** Stored records **
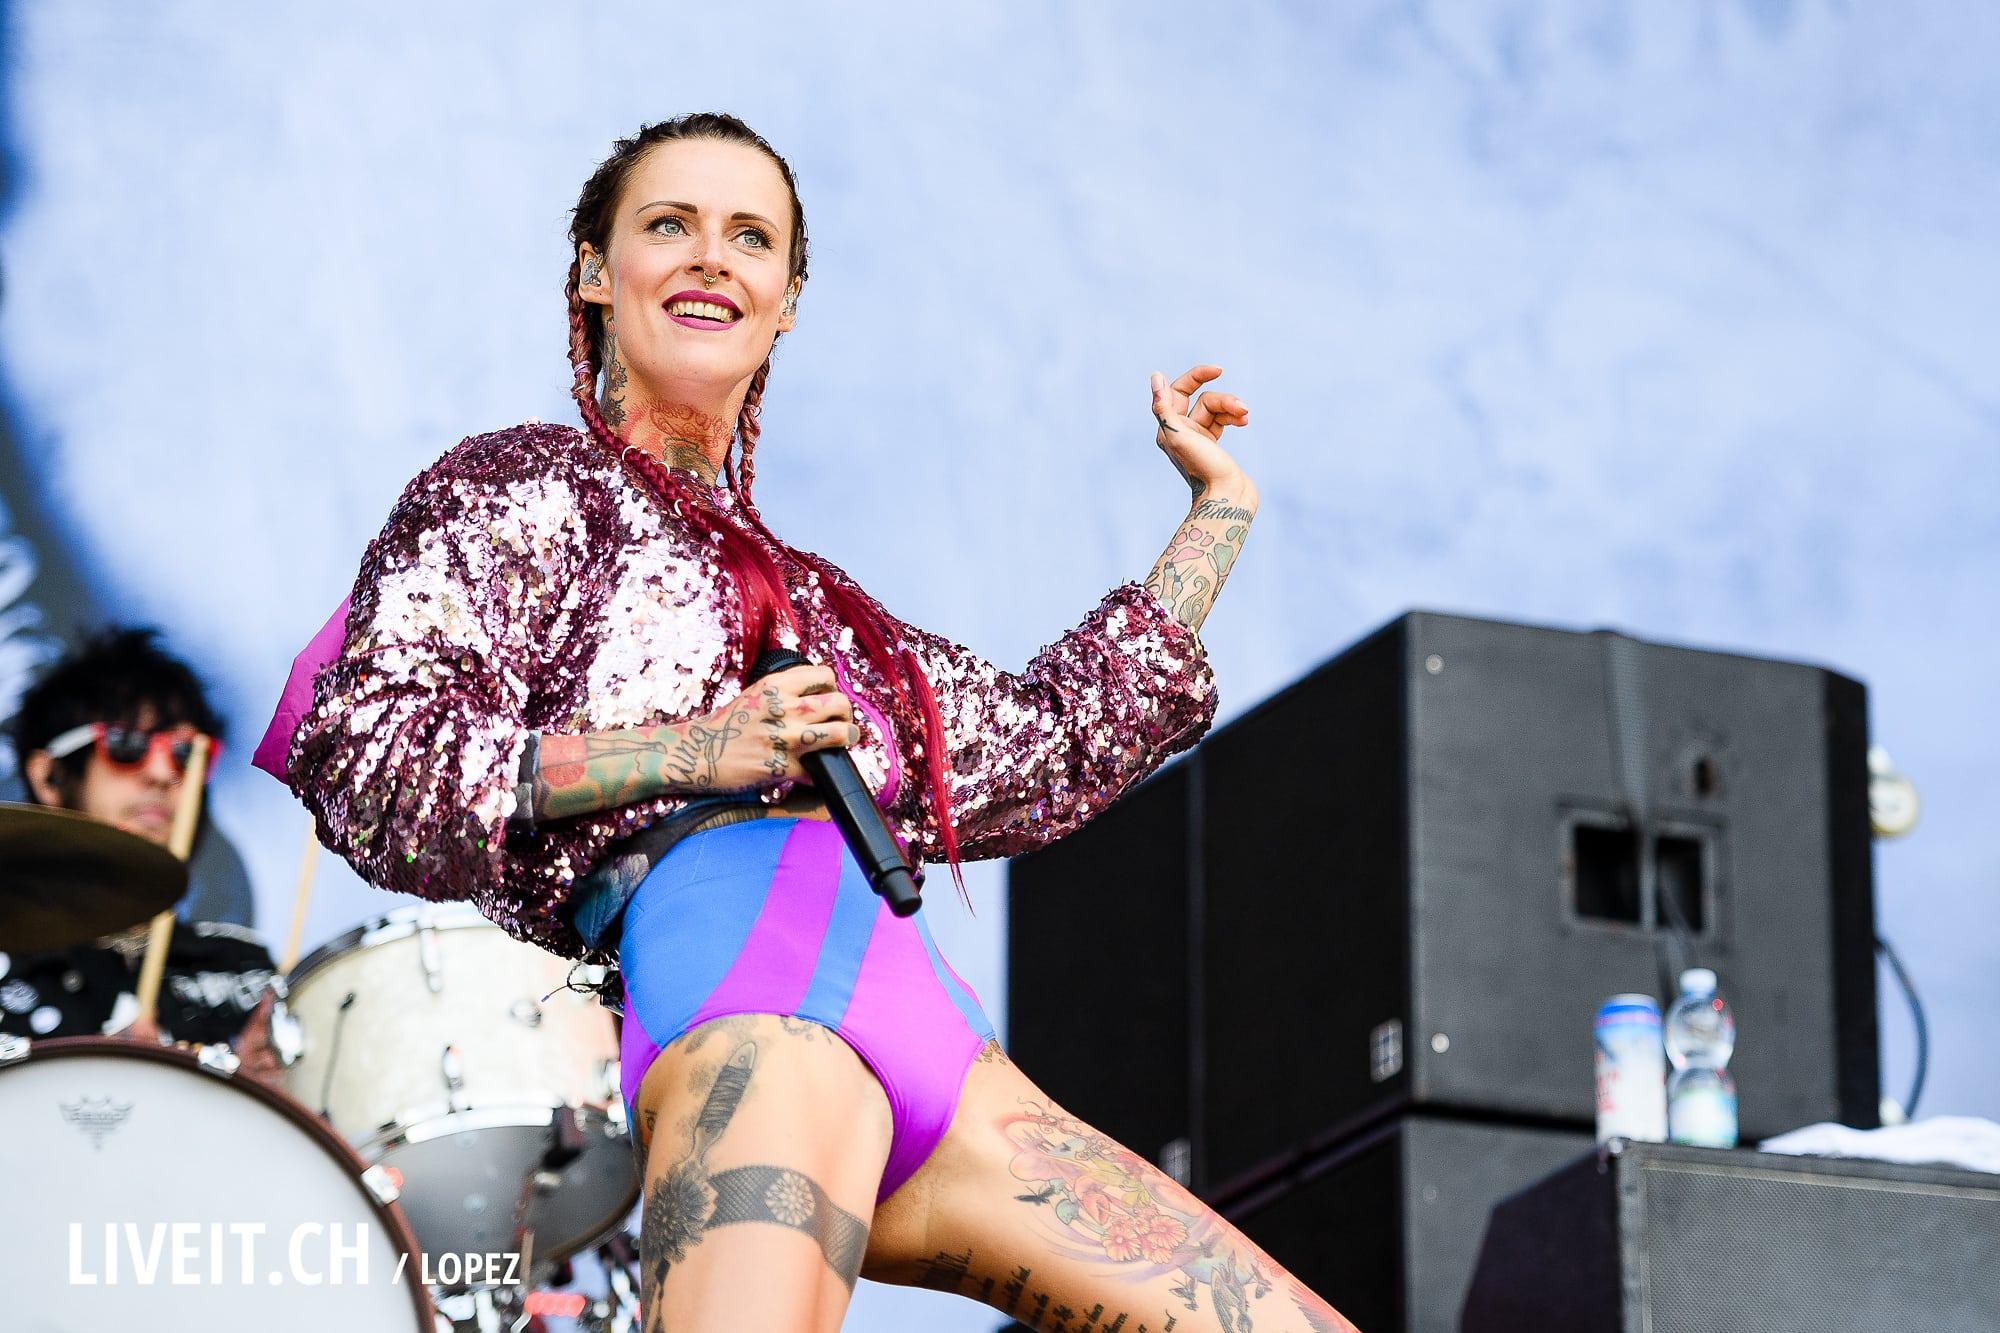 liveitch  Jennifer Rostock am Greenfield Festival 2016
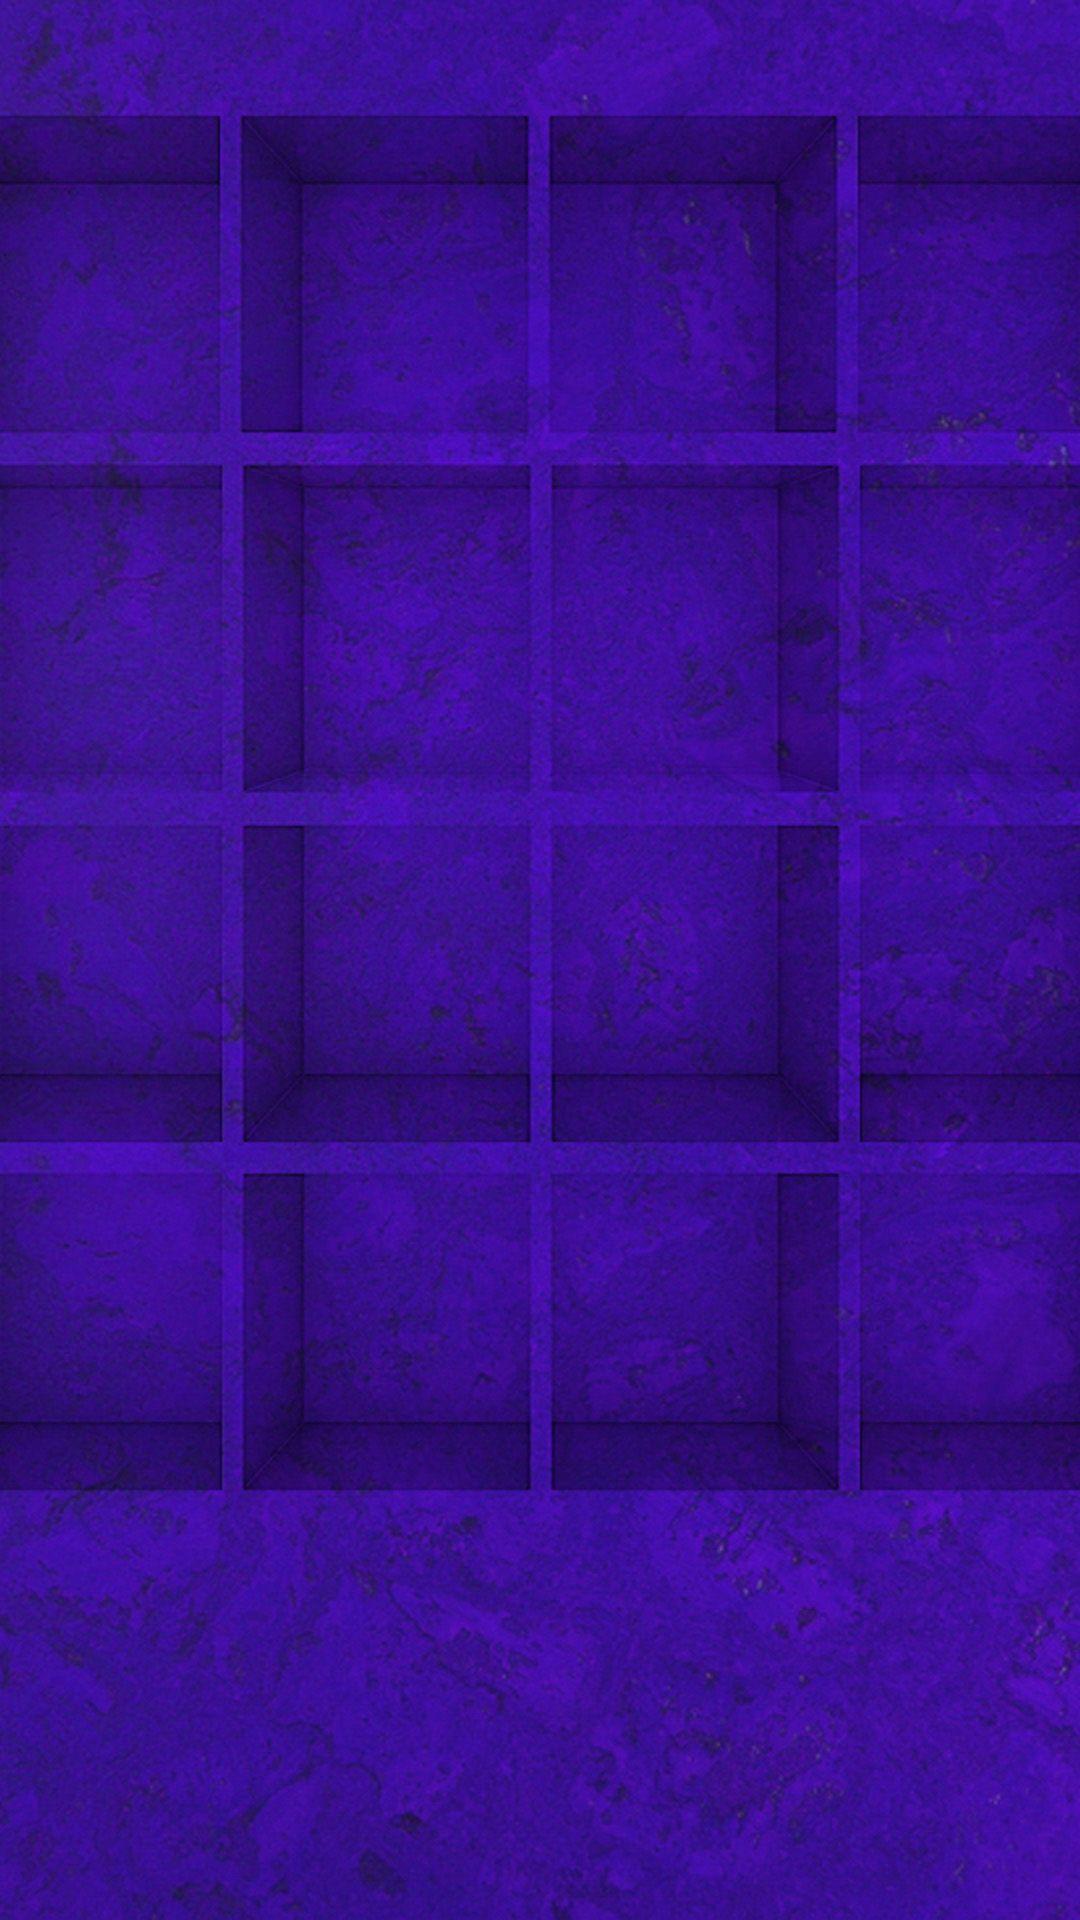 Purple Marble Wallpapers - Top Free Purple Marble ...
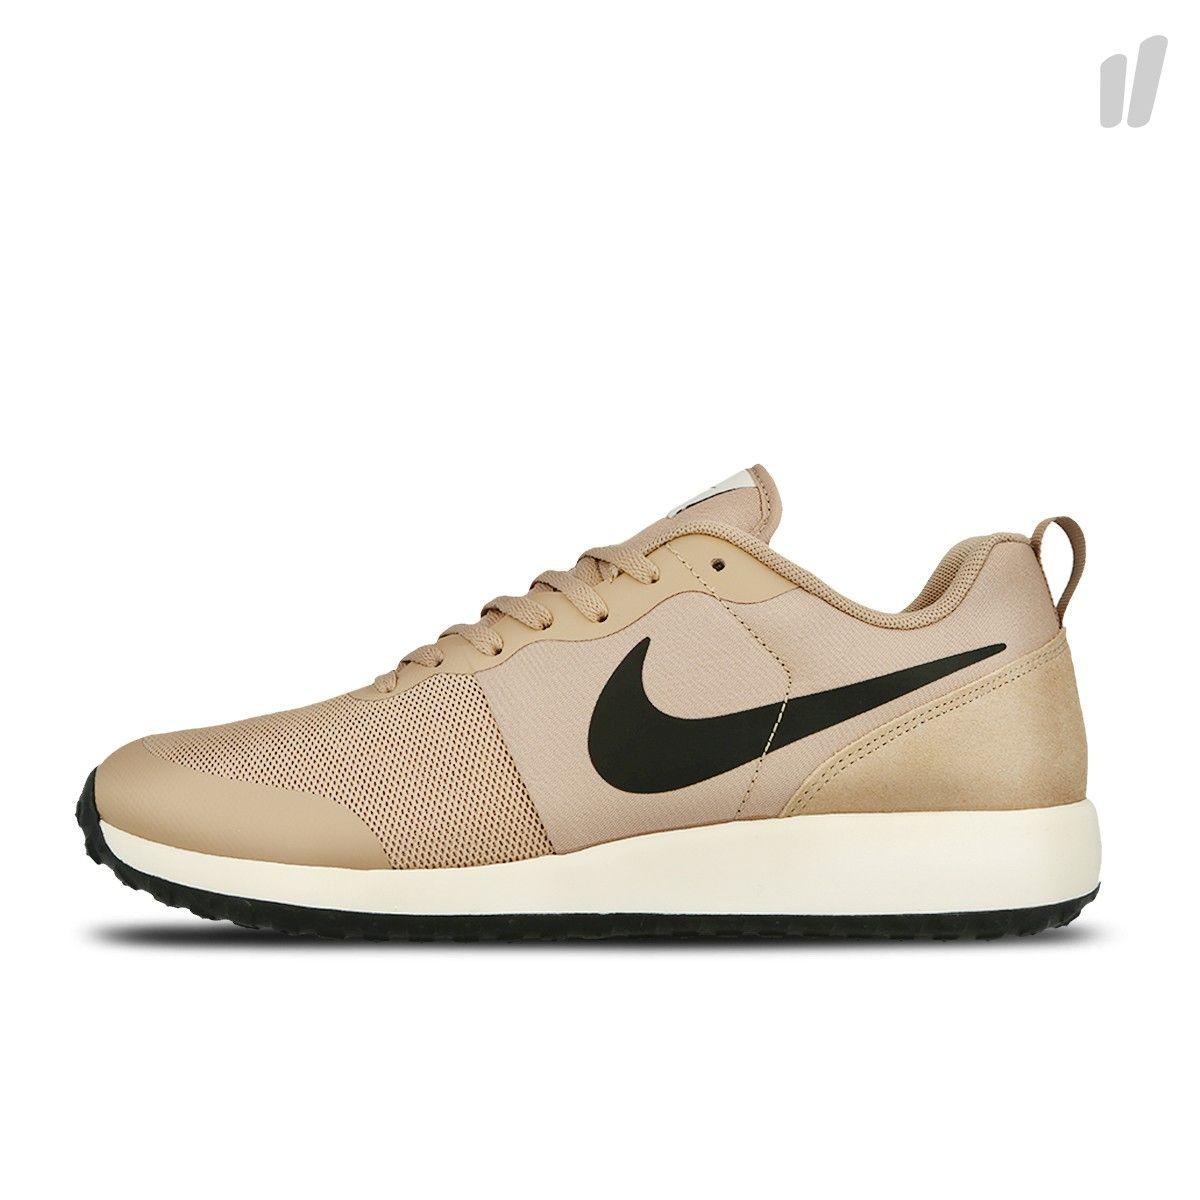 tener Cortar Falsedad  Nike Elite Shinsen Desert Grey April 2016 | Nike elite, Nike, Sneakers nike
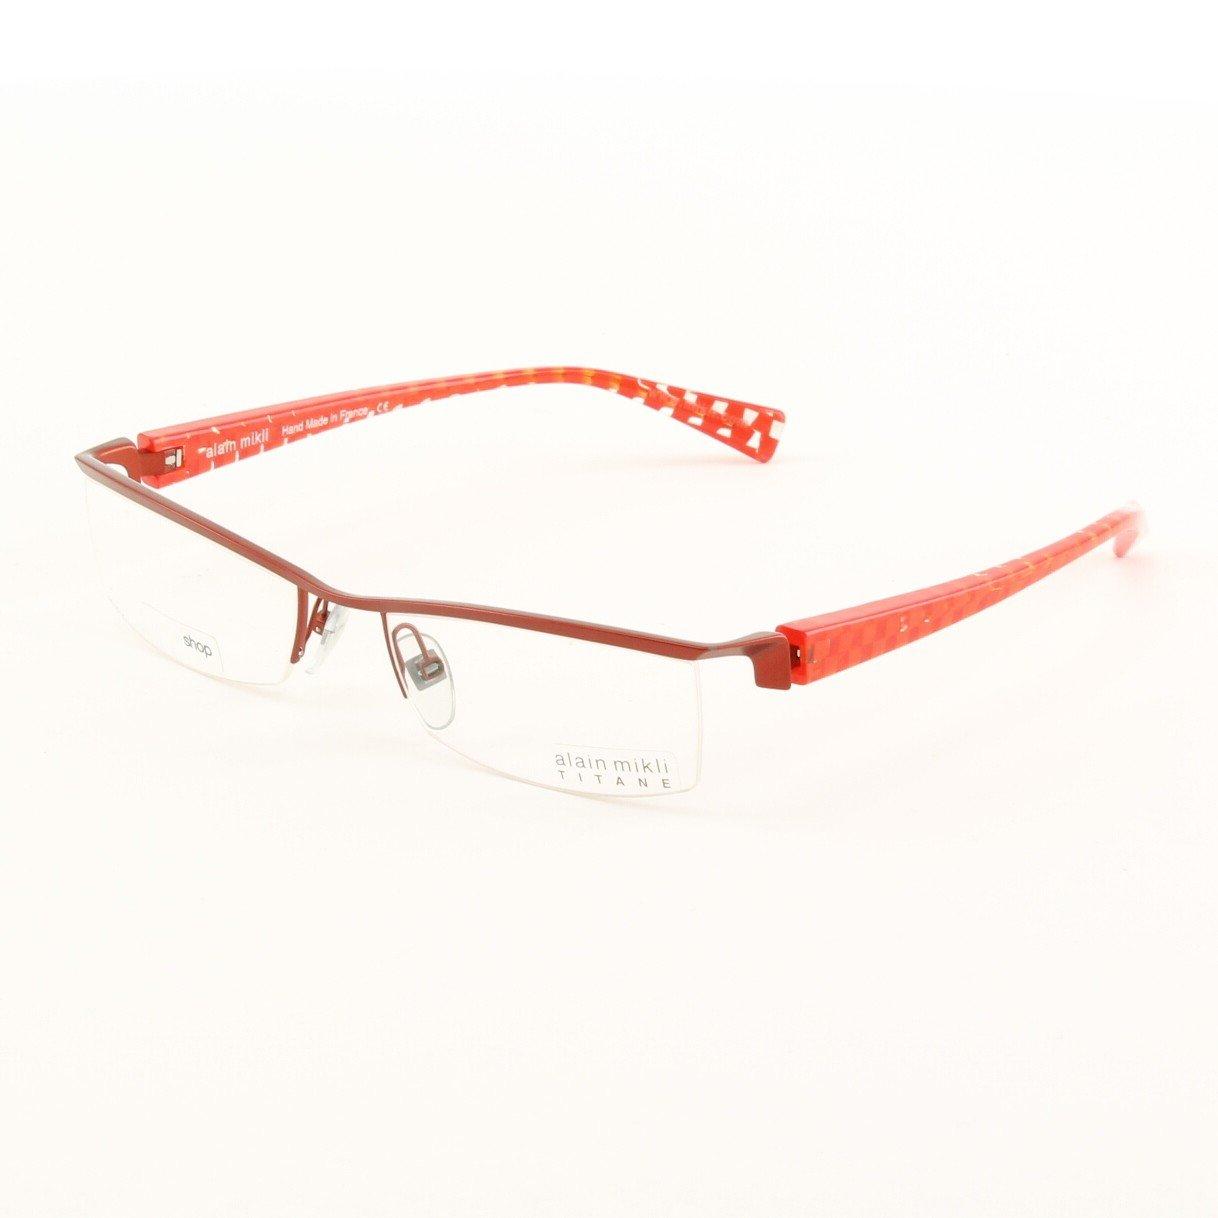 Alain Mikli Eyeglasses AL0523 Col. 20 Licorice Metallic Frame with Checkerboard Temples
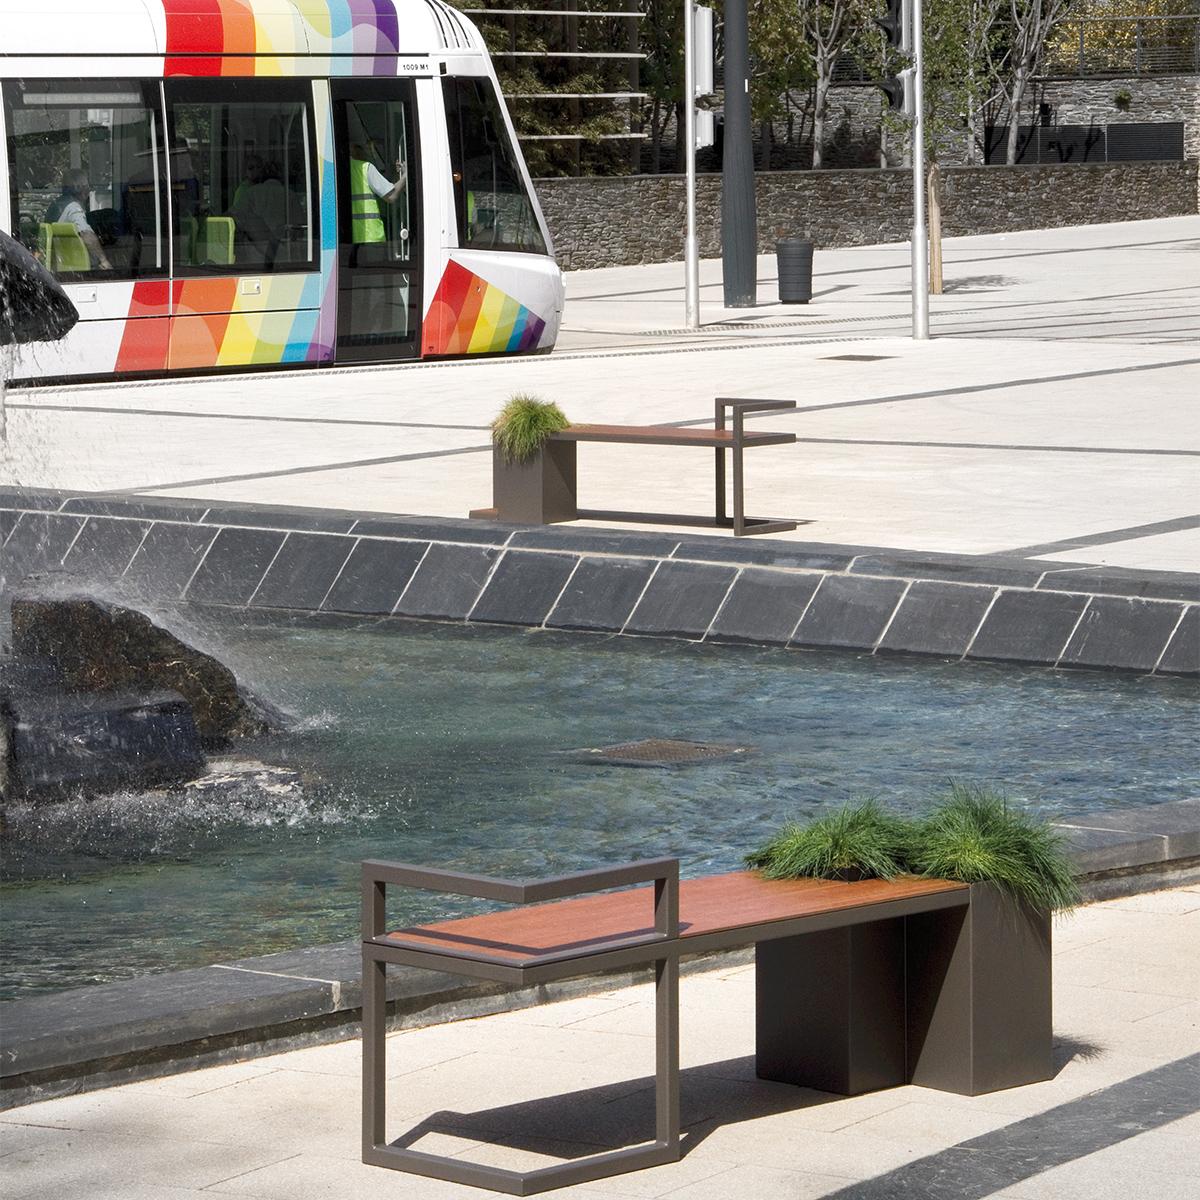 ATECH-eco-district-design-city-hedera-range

** TASK TO CARRY OUT **
Exactly the lines from the line with "Purple Marble Wallpapers" through the end of the data are to be reproduced, and no picture is to be included.

** FINAL ANSWER **
 Purple Marble Wallpapers - Top Free Purple Marble ...
 tener Cortar Falsedad  Nike Elite Shinsen Desert Grey April 2016 | Nike elite, Nike, Sneakers nike
 Alain Mikli Eyeglasses AL0523 Col. 20 Licorice Metallic Frame with Checkerboard Temples
 ATECH-eco-district-design-city-hedera-range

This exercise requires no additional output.